Where the hell did you get the video of a german pimp king slapping a member of the albanian mafia in the red-light district of St. Pauli, Hamburg (Germany) captured by the camera of a regional television station?


----------



## ralaw (Feb 24, 2005)

Think Shaq feels left out now?


----------



## Brian34Cook (Mar 26, 2003)

Kobe Statement

Bryant's reaction to a possible return by Jackson seemed lukewarm at best during the past several months. But Bryant released a more positive statement through his agent, Rob Pelinka, shortly after the hiring was announced.

``When the Lakers began the search for a new head coach, I put my complete trust in Dr. Buss and (general manager) Mitch Kupchak to select the person they thought was best for the Lakers' organization,'' Bryant said in the statement. ``In Phil Jackson, they chose a proven winner. That is something I support.''


----------



## HKF (Dec 10, 2002)

Steppenwolf said:


> Where the hell did you get the video of a german pimp king slapping a member of the albanian mafia in the red-light district of St. Pauli, Hamburg (Germany) captured by the camera of a regional television station?


Ha. I'm nice homeboy. I get the job done.


----------



## Damian Necronamous (Jun 10, 2002)

WOOHOO!!!!!! YES! I am so happy right now!!! :banana: :banana: :banana:


----------



## Brian34Cook (Mar 26, 2003)

*Lakers Call News Conference*
The Lakers have called a 2 p.m. news conference for a major announcement. Check back to Lakers.com later today for more information. 
Live Video: Lakers News Conference


----------



## hirschmanz (Jun 3, 2005)

I am very happy for you. Hopefully this means the return of good basketball to L. A.
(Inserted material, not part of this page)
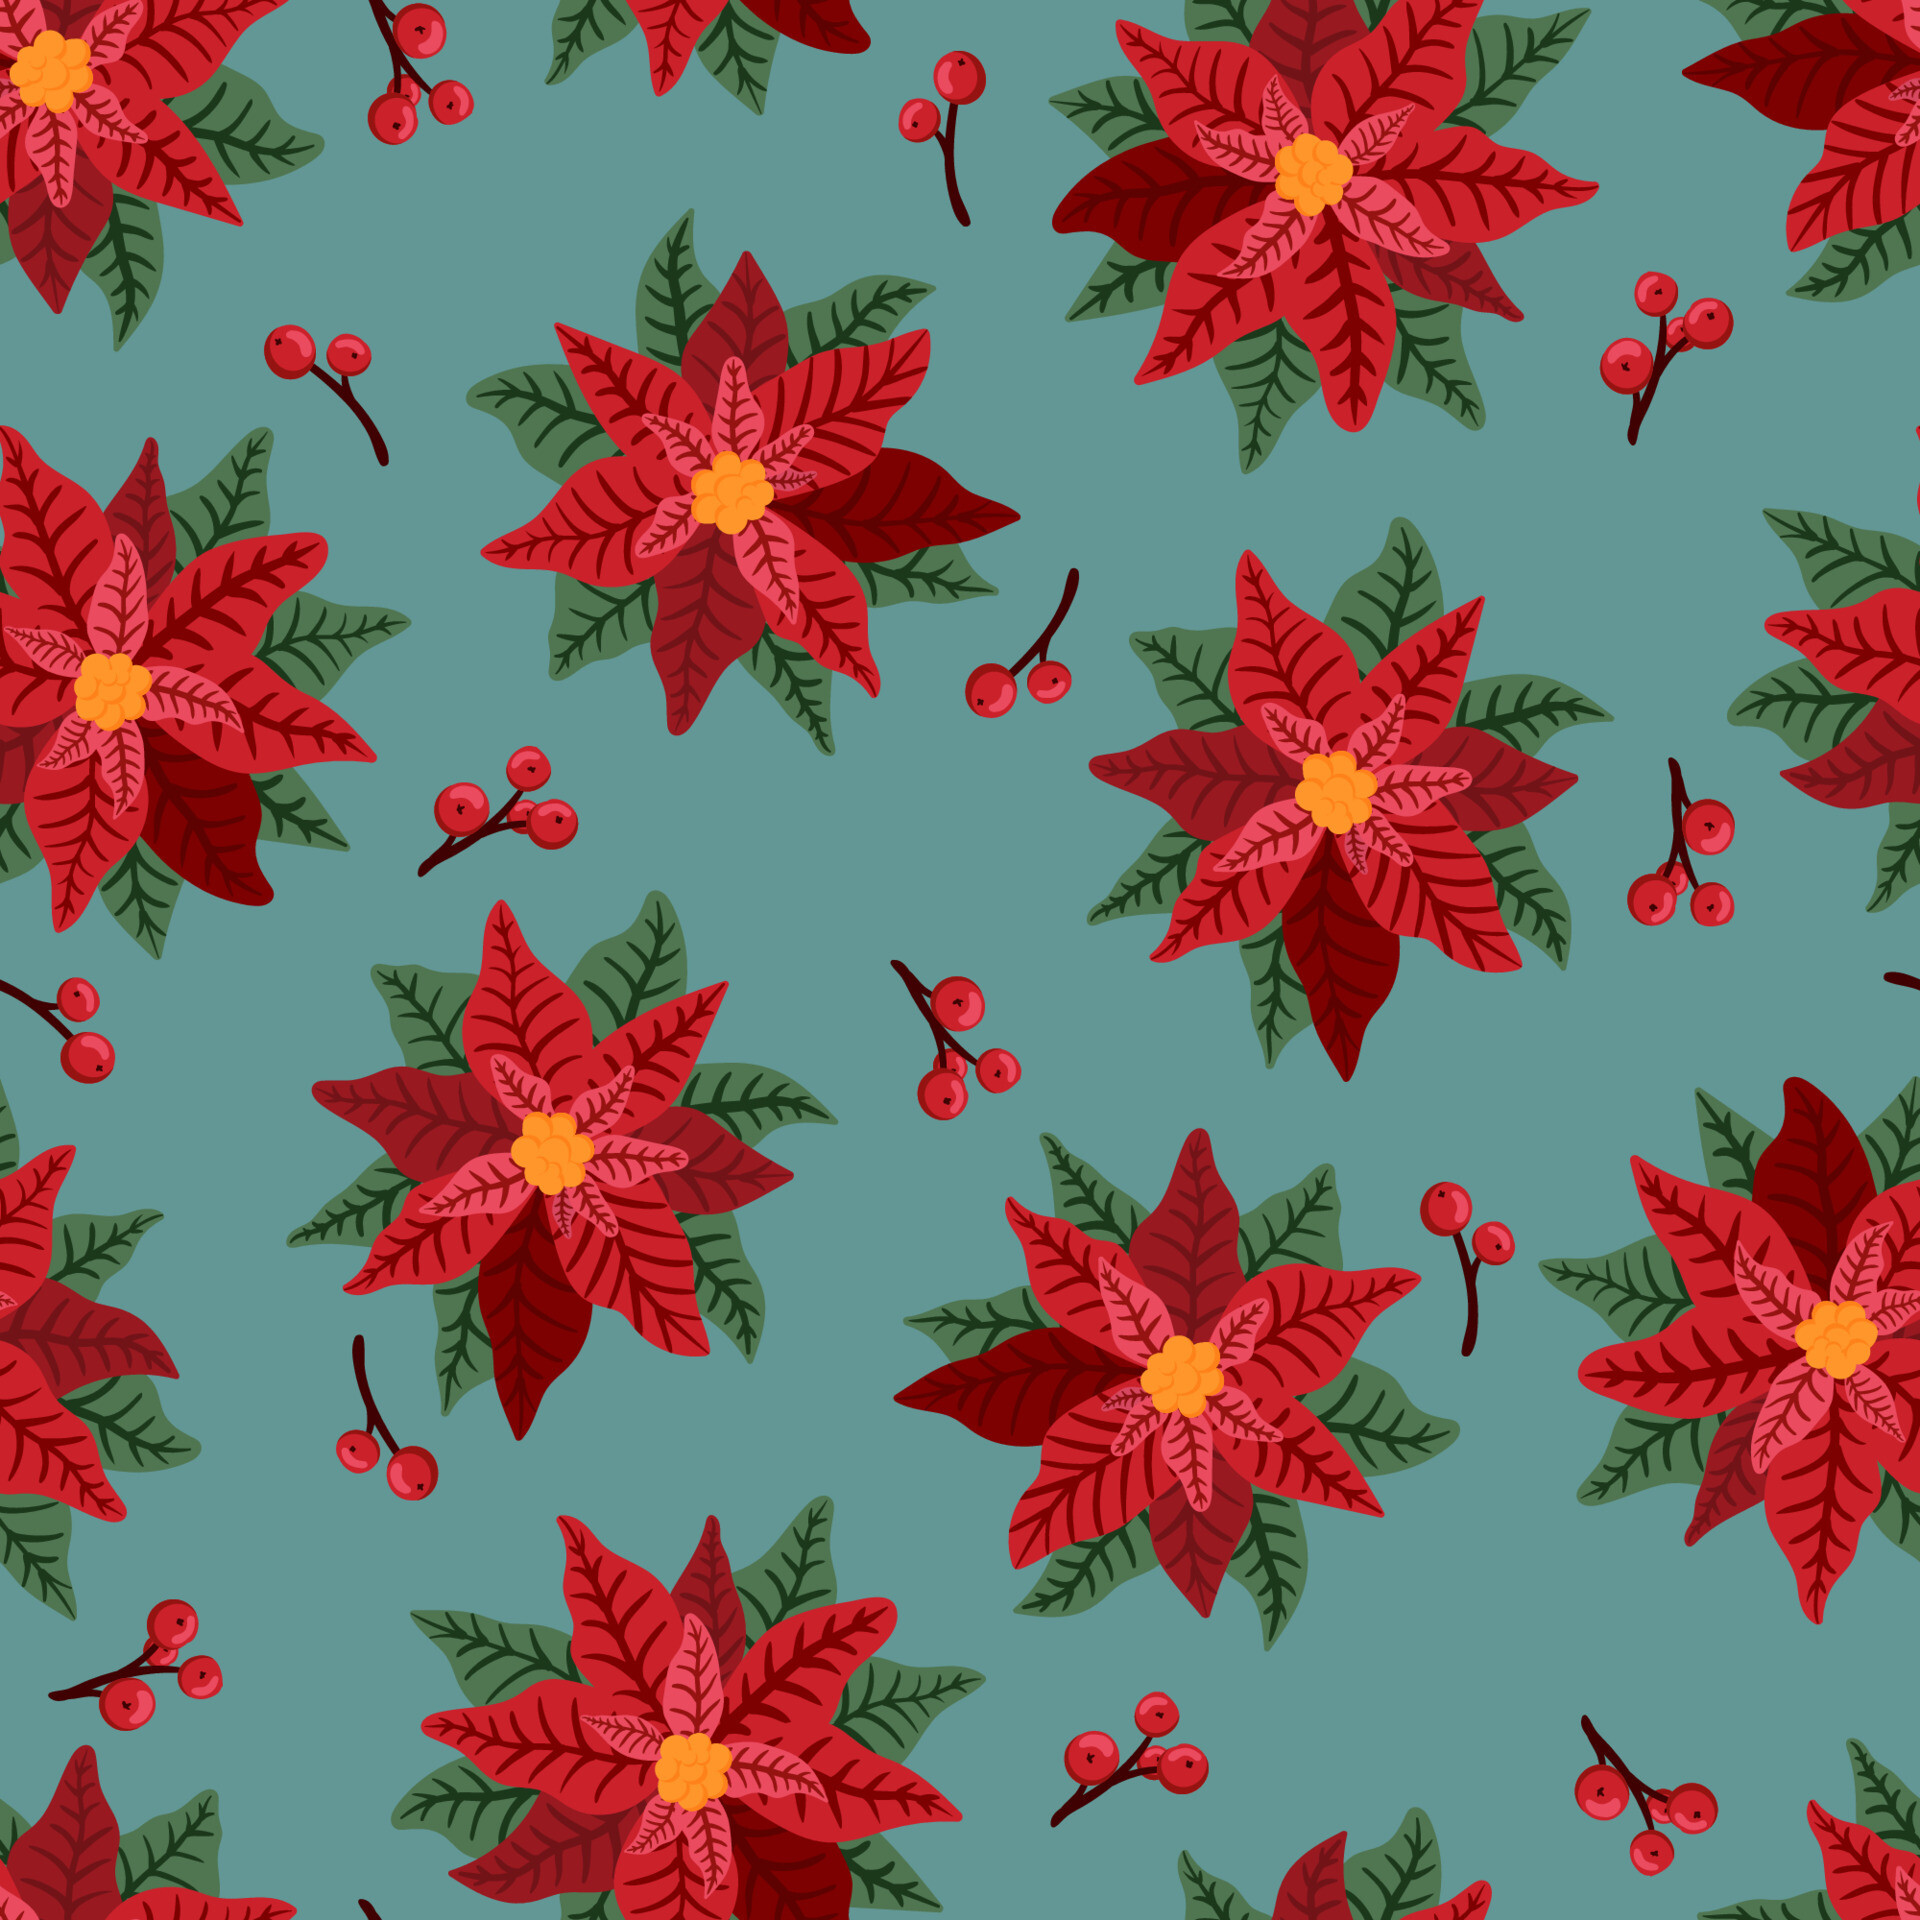 Poinsettia: Aztec people use the plant to produce red dye and as an antipyretic medication. 1920x1920 HD Wallpaper.

I love shaq, but if you win one without him, he and I will need to break up.


----------



## LakerLunatic (Mar 1, 2005)

The End Is Near, Its Almost Time, Havoc Will Be Reaked, The Path To The Day Of Reckoning Is At Hand!


----------



## shobe42 (Jun 21, 2002)

LakerLunatic said:


> The End Is Near, Its Almost Time, Havoc Will Be Reaked, The Path To The Day Of Reckoning Is At Hand!
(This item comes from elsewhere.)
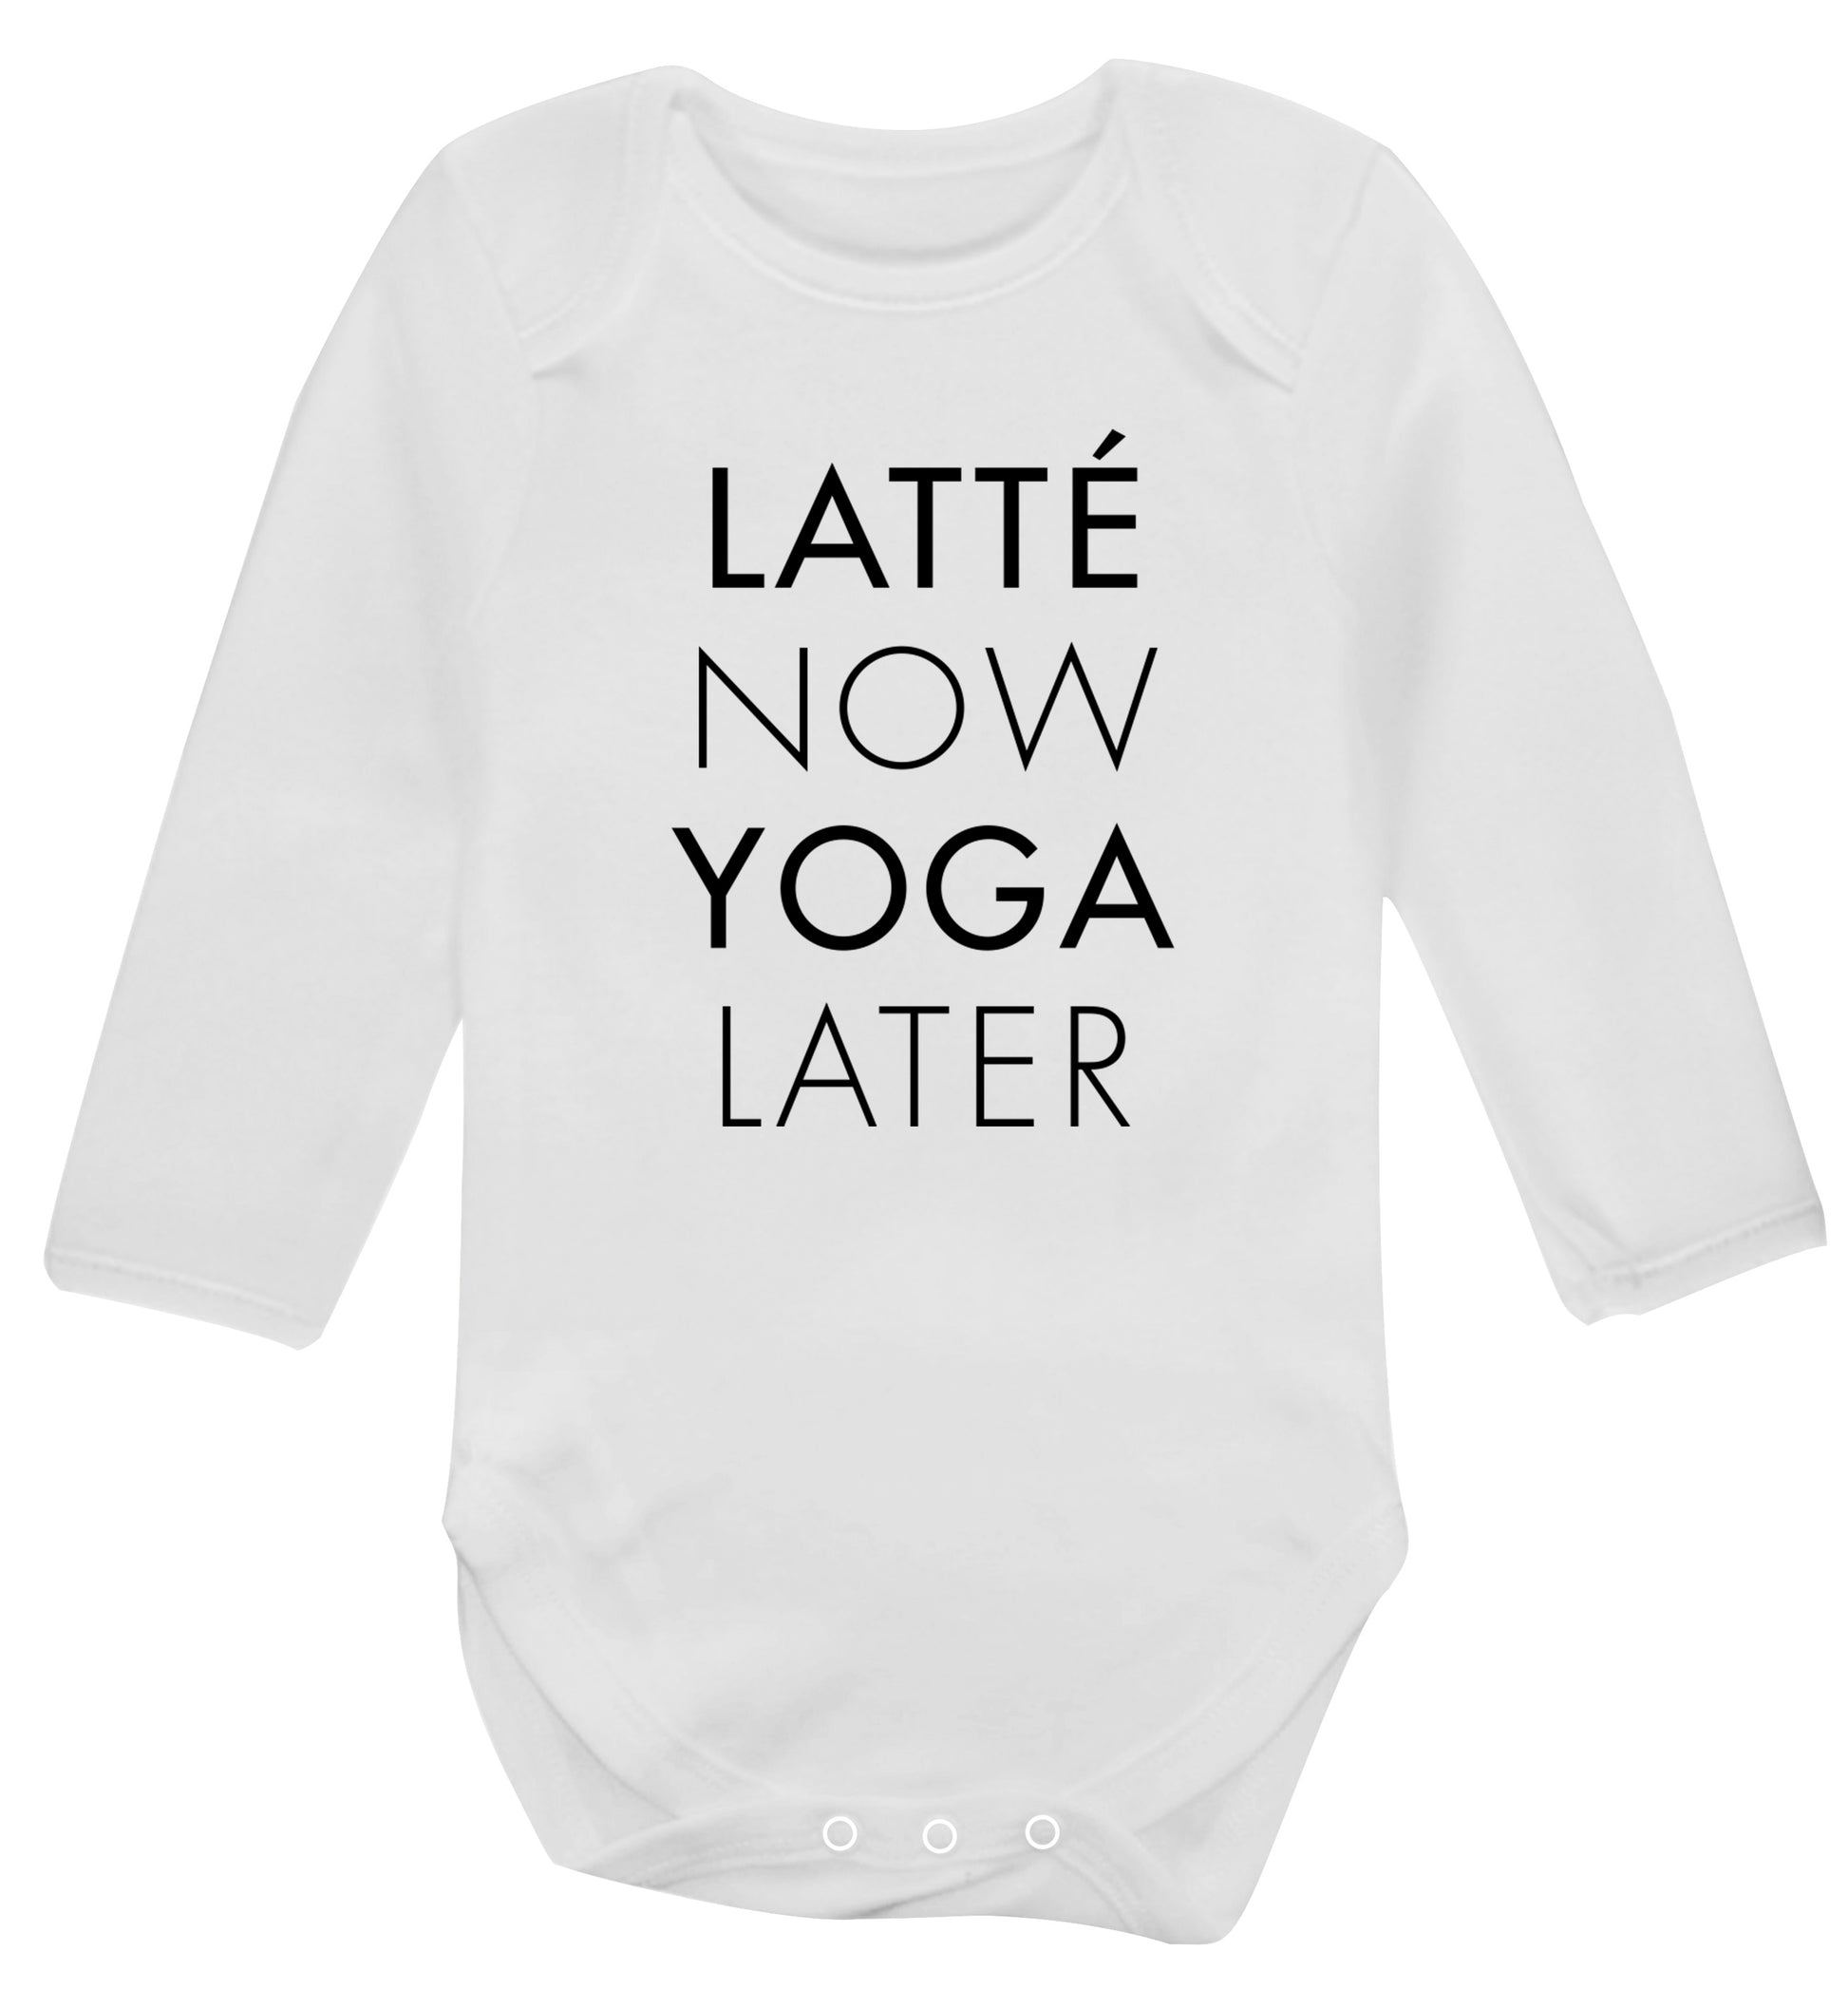 Latte now yoga later Baby Vest long sleeved white 6-12 months

I couldn't have said it better myself....

three pages and no trolls.... funny how that works :banana:


----------



## Brian34Cook (Mar 26, 2003)

Lakers re-hire Phil Jackson as coach

LOS ANGELES (AP) -- Phil and Kobe, together again.

Phil Jackson was back with the Los Angeles Lakers on Tuesday following a breakup that took a year to mend, and back to coaching Kobe Bryant -- a player he once called ``uncoachable.''

``This is something I never thought could possibly happen,'' Jackson said Tuesday at a Staples Center news conference. ``It's a pleasure to come back.'' 

Jackson, who won three championships with the Lakers in five years, was let go last June 18 by owner Jerry Buss.
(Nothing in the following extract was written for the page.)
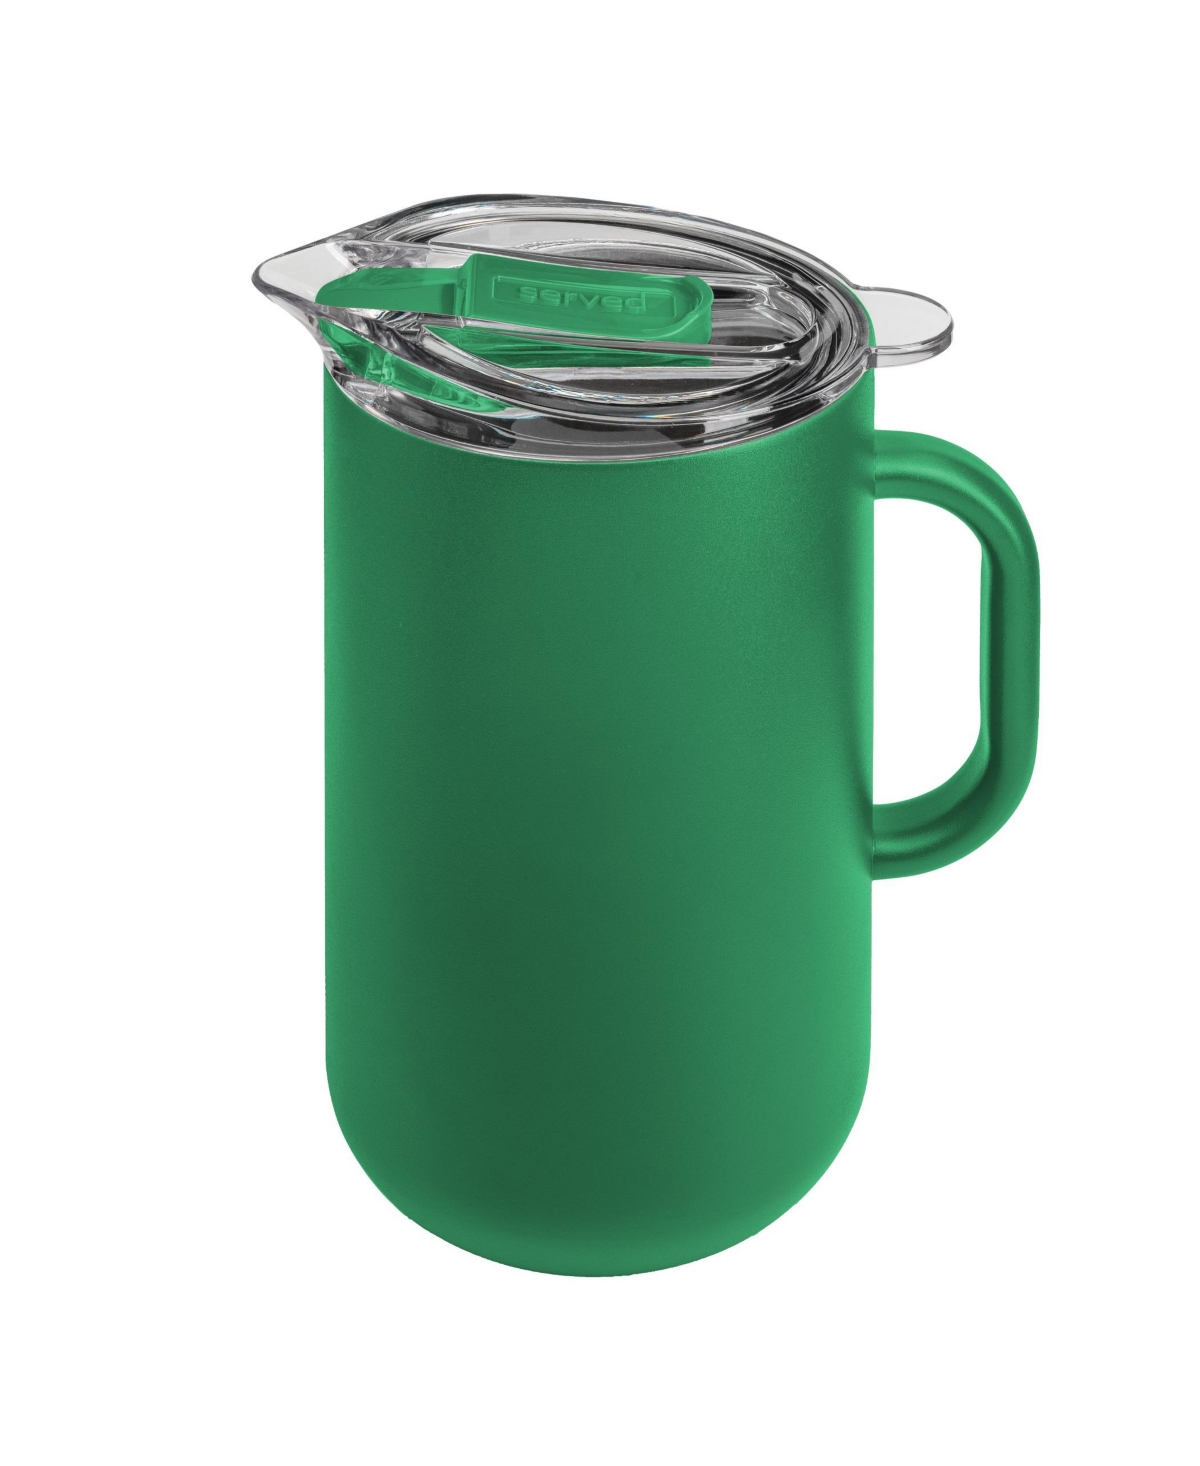 Served Vacuum-insulated Double-walled Copper-lined Stainless Steel Pitcher, 2 Liter In Greens

The buzz about Jackson's possible return began almost immediately after his replacement, Rudy Tomjanovich, left in February -- despite Jackson's book detailing the 2003-04 season in which he made disparaging remarks about the franchise, including saying his superstar guard was ``uncoachable.''

``I think it's a matter of trust, a matter of rebuilding the trust that we had,'' Jackson said of his relationship with Bryant. ``And yes, I have talked to Kobe; he actually called me this morning to congratulate me on the job. And I felt confident that he's confident that we can go forward.''

Bryant's reaction to a possible return by Jackson seemed lukewarm at best during the past several months. But Bryant released a more positive statement through his agent Tuesday.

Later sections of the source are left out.